Despite its impressive predictive capabilities, the research team underscores that the AI tool should be viewed as a starting point for future advancements rather than a definitive solution.
Tina Eliassi-Rad, a professor at Northeastern University in the US, emphasizes caution in employing this tool for real-time predictions concerning individuals. “Even though we’re using prediction to evaluate how good these models are, the tool shouldn’t be used for prediction on real people,” she asserts, clarifying that the tool’s predictions are rooted in a specific dataset pertaining to a particular population.
With an intent to infuse a human-centric approach into AI development, the team sought involvement from social scientists during the tool’s creation. By doing so, they aimed to ensure that amidst the colossal dataset on which the tool was trained, the human aspect remained central and not overshadowed.
Sune Lehmann, an author of the study published in the journal Nature Computational Science, highlights the comprehensive nature of life2vec, stating, “This model offers a much more comprehensive reflection of the world as it is lived by human beings than many other models.”
At the core of life2vec lies the extensive dataset used to train the model. The researchers crafted extended sequences of recurring life events from this dataset, applying a transformer model approach similar to training language models like LLMs but adapted for the representation of a human life through event sequences.
Describing the model’s operation, Lehmann, a professor at the Technical University of Denmark, likens the entirety of a human life to “a giant long sentence” composed of various life occurrences.
Life2vec employs the acquired knowledge from millions of life event sequences to generate vector representations within embedding spaces. These spaces facilitate the categorization and linkage of life events such as income, education, or health factors.

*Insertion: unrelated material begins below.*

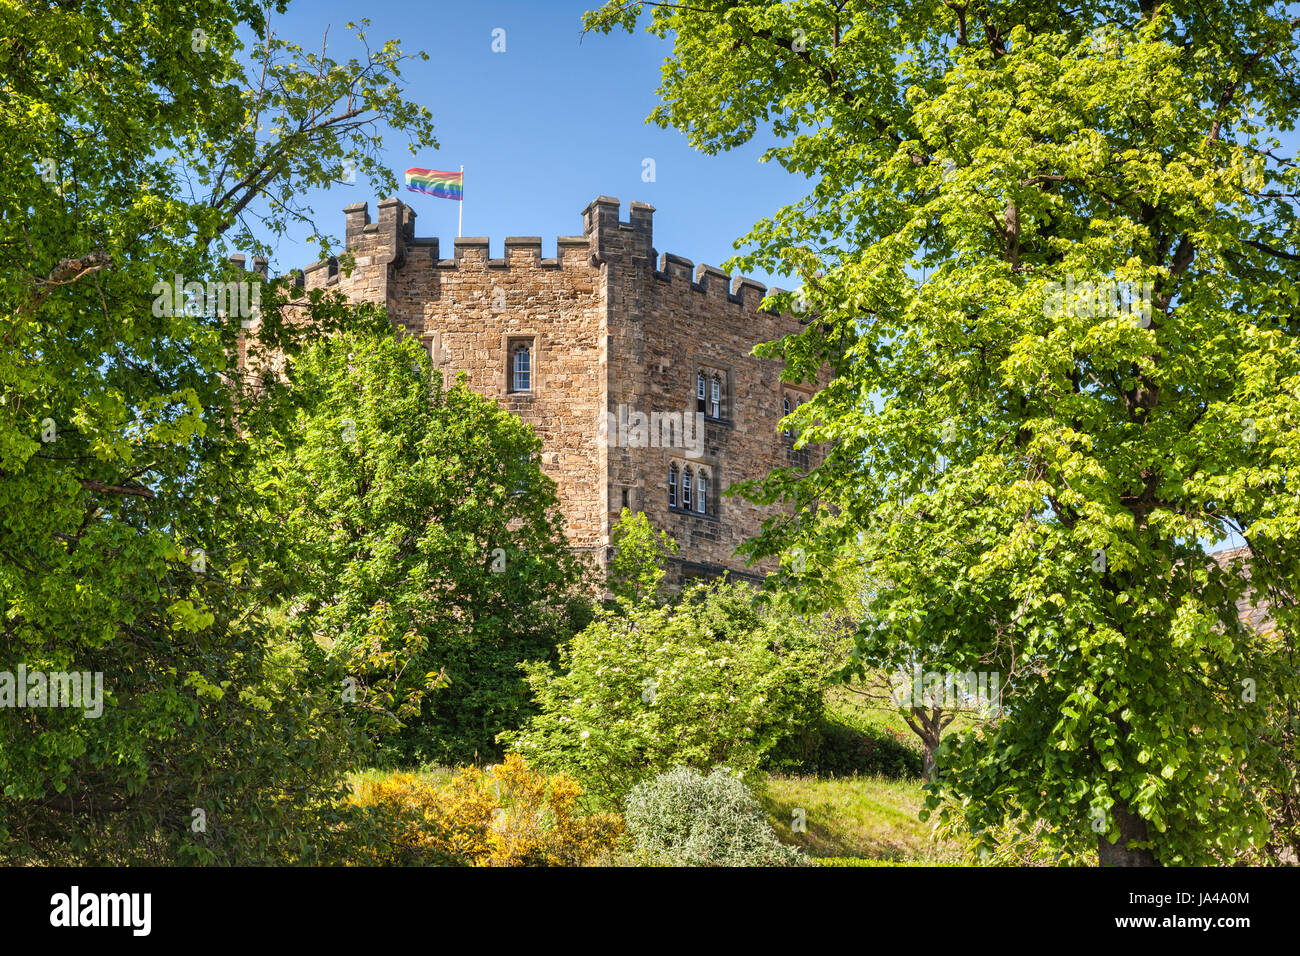 Le vieux donjon du château de Durham, qui fait maintenant partie de l'Université de Durham, entouré d'arbres en pleine page. Banque D'Images
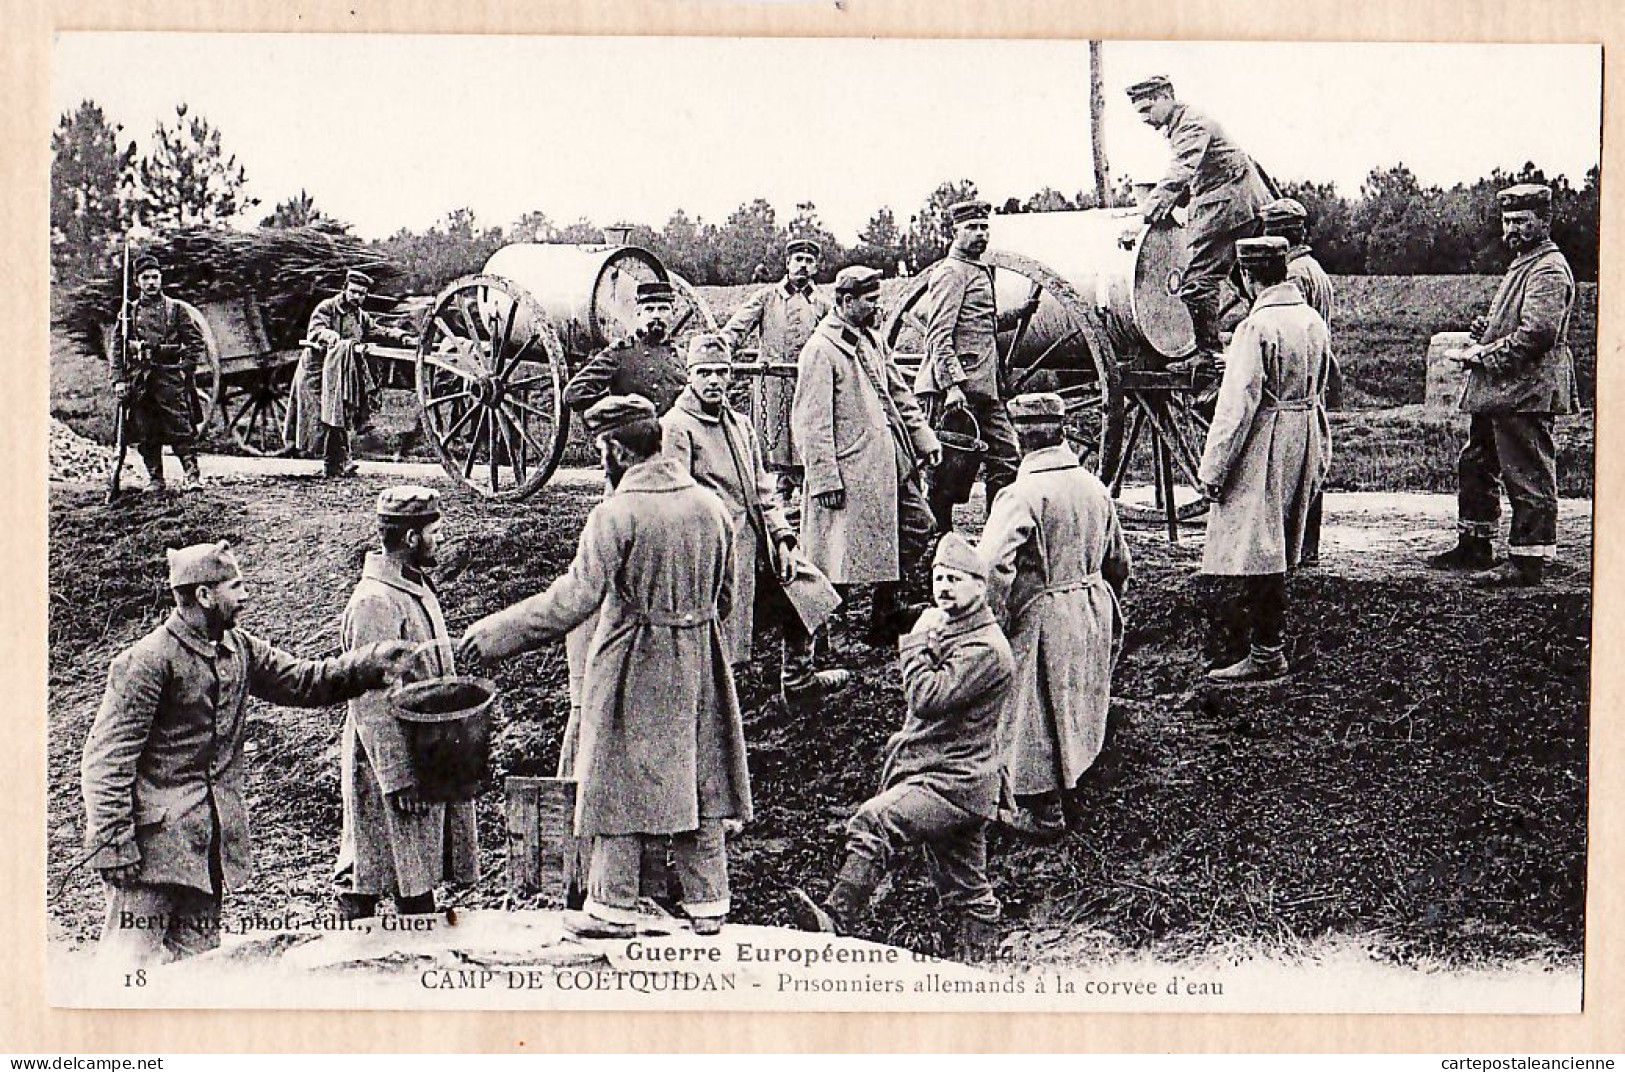 01697 / Camp De COETQUIDAN 56-Morbihan Prisonniers Allemands Corvée D'Eau Guerre Européenne 1914 BERTHAUX 18 - Guer Cötquidan

The resulting embedding spaces serve as the foundation for the model’s predictions, especially in scenarios like predicting the probability of mortality.
Lehmann elucidates on the model’s visualization, likening it to “a long cylinder” encompassing low to high probabilities of death. The model’s accuracy is validated by correlating high probabilities of death with actual instances of mortality, while areas with low probabilities might feature unpredictable events like fatal accidents, Lehmann concludes.